…drives rising returns, robust capital buffers
United Bank for Africa (UBA) Plc has reaffirmed its credentials as one of Africa’s most investor conscious financial institutions, posting a profit after tax (PAT) of N335.53 billion in the first half of 2025 while simultaneously reinforcing its capital base through an ambitious Rights Issue exercise.
For shareholders, the results underline not only resilience in earnings but also clear signals of sustainable value creation. The Pan-African lender grew gross earnings by 17.3 per cent to N1.61 trillion, powered by a 32.9 per cent rise in interest income to N1.33 trillion.

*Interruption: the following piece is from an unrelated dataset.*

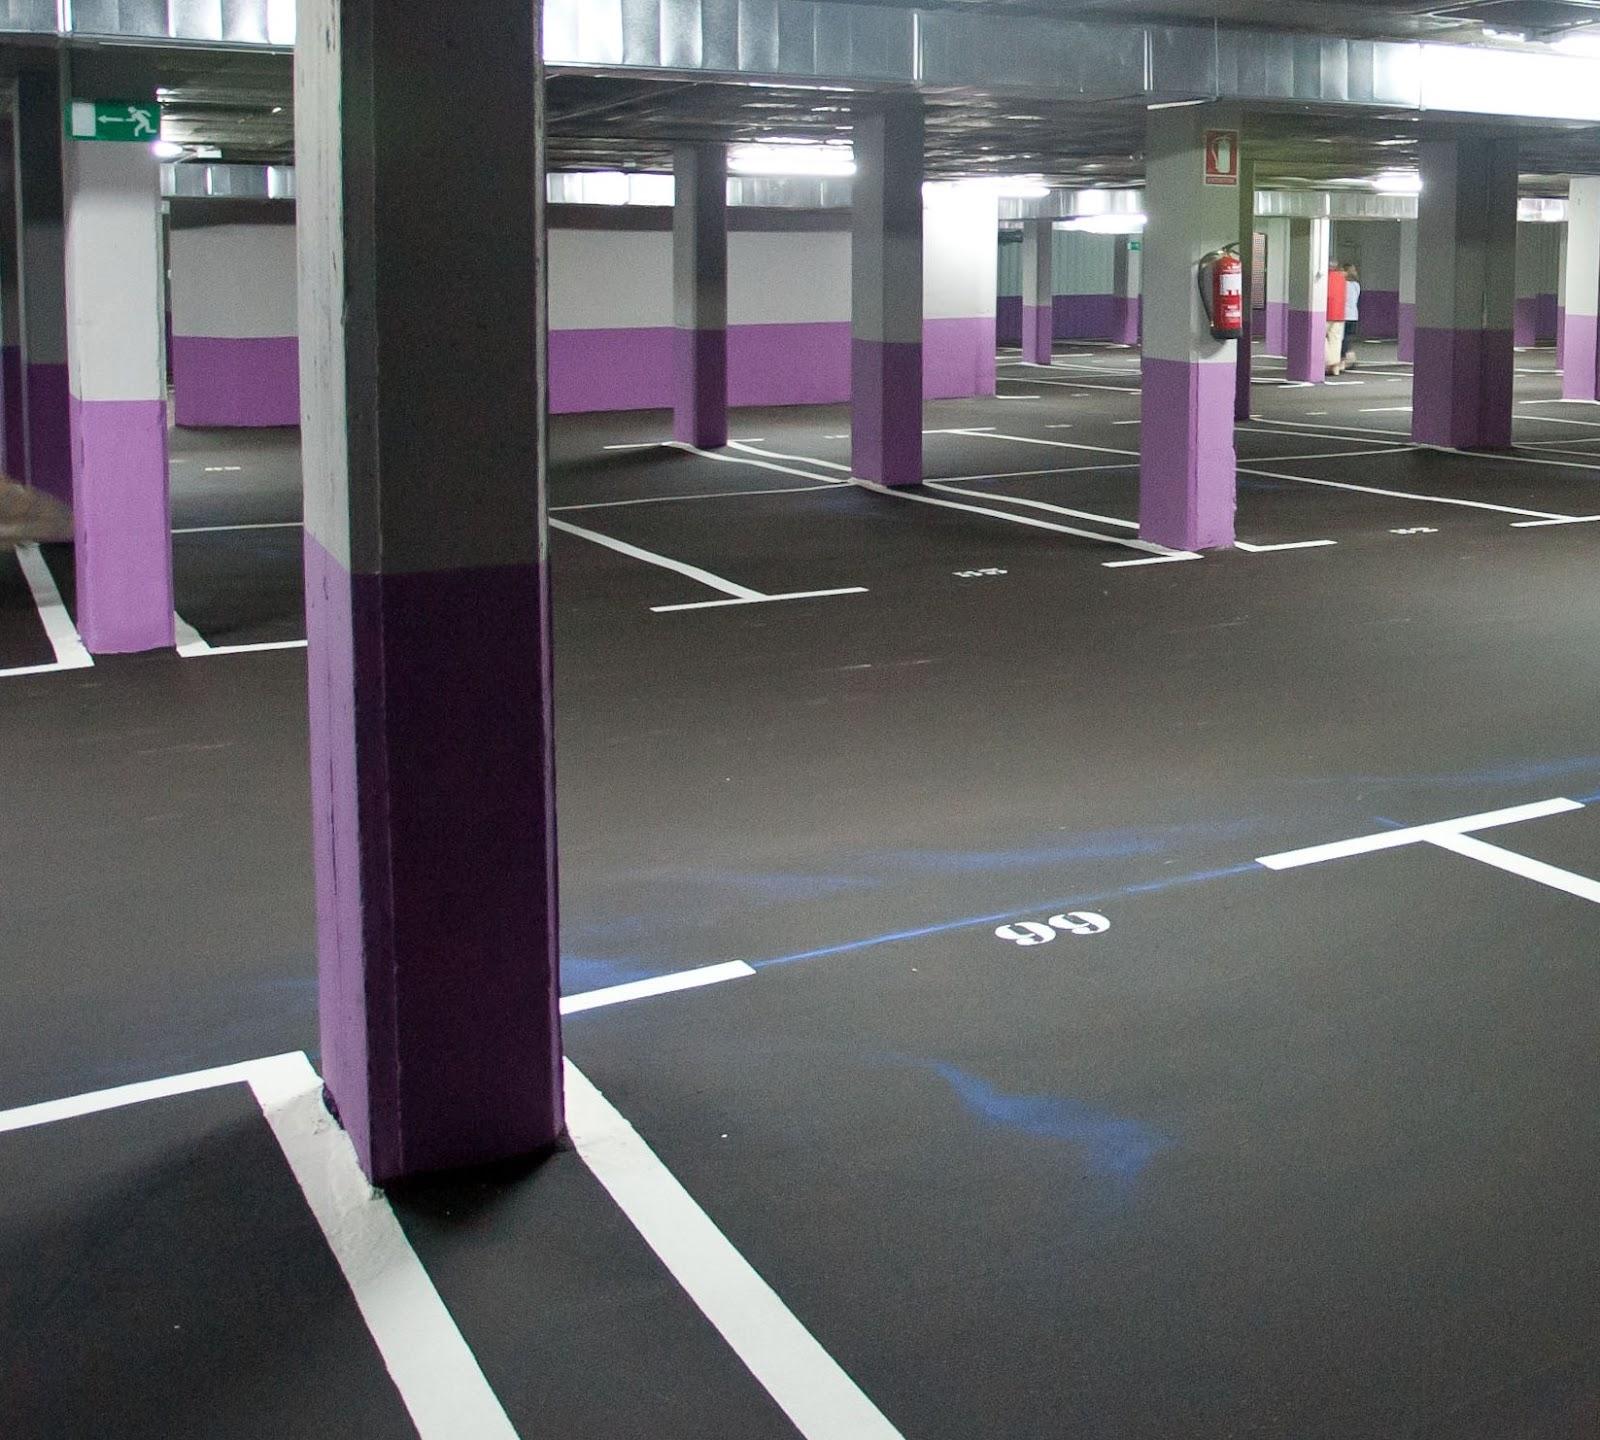 Elperi dicodegetafe otro mes de oferta para vender plazas de garaje de la emsv - Vender garaje ...

Profit after tax rose 6.1 per cent year-on-year, lifting return on equity to one of the highest among Nigeria’s tier-1 banks.
Shareholders’ funds surged by 23 per cent within six months, climbing to N4.22 trillion from N3.41 trillion in December 2024, underscoring both balance sheet strength and the bank’s capacity to sustain robust payouts.
While profit before tax dipped marginally from N401 billion to N388 billion, analysts note that UBA’s capitalraising drive provides a powerful counterweight.
Phase I of its ongoing Rights Issue was successfully completed in early 2025, raising N234.3 billion. With Phase II underway, the bank remains on track to meet Nigeria’s heightened capital requirements by year-end, a development that de-risks future earnings and provides investors with greater confidence in long-term returns.
Commenting on the results, Group Managing Director/CEO, Oliver Alawuba, stressed that UBA’s strategy is firmly aligned with shareholder interests.
“We delivered strong double-digit earnings growth across our markets, with PAT rising year-on-year to N335 billion, underscoring the resilience of our business.
Our capital raising programme further strengthens our buffer for growth and positions us to meet regulatory thresholds ahead of schedule,” he said.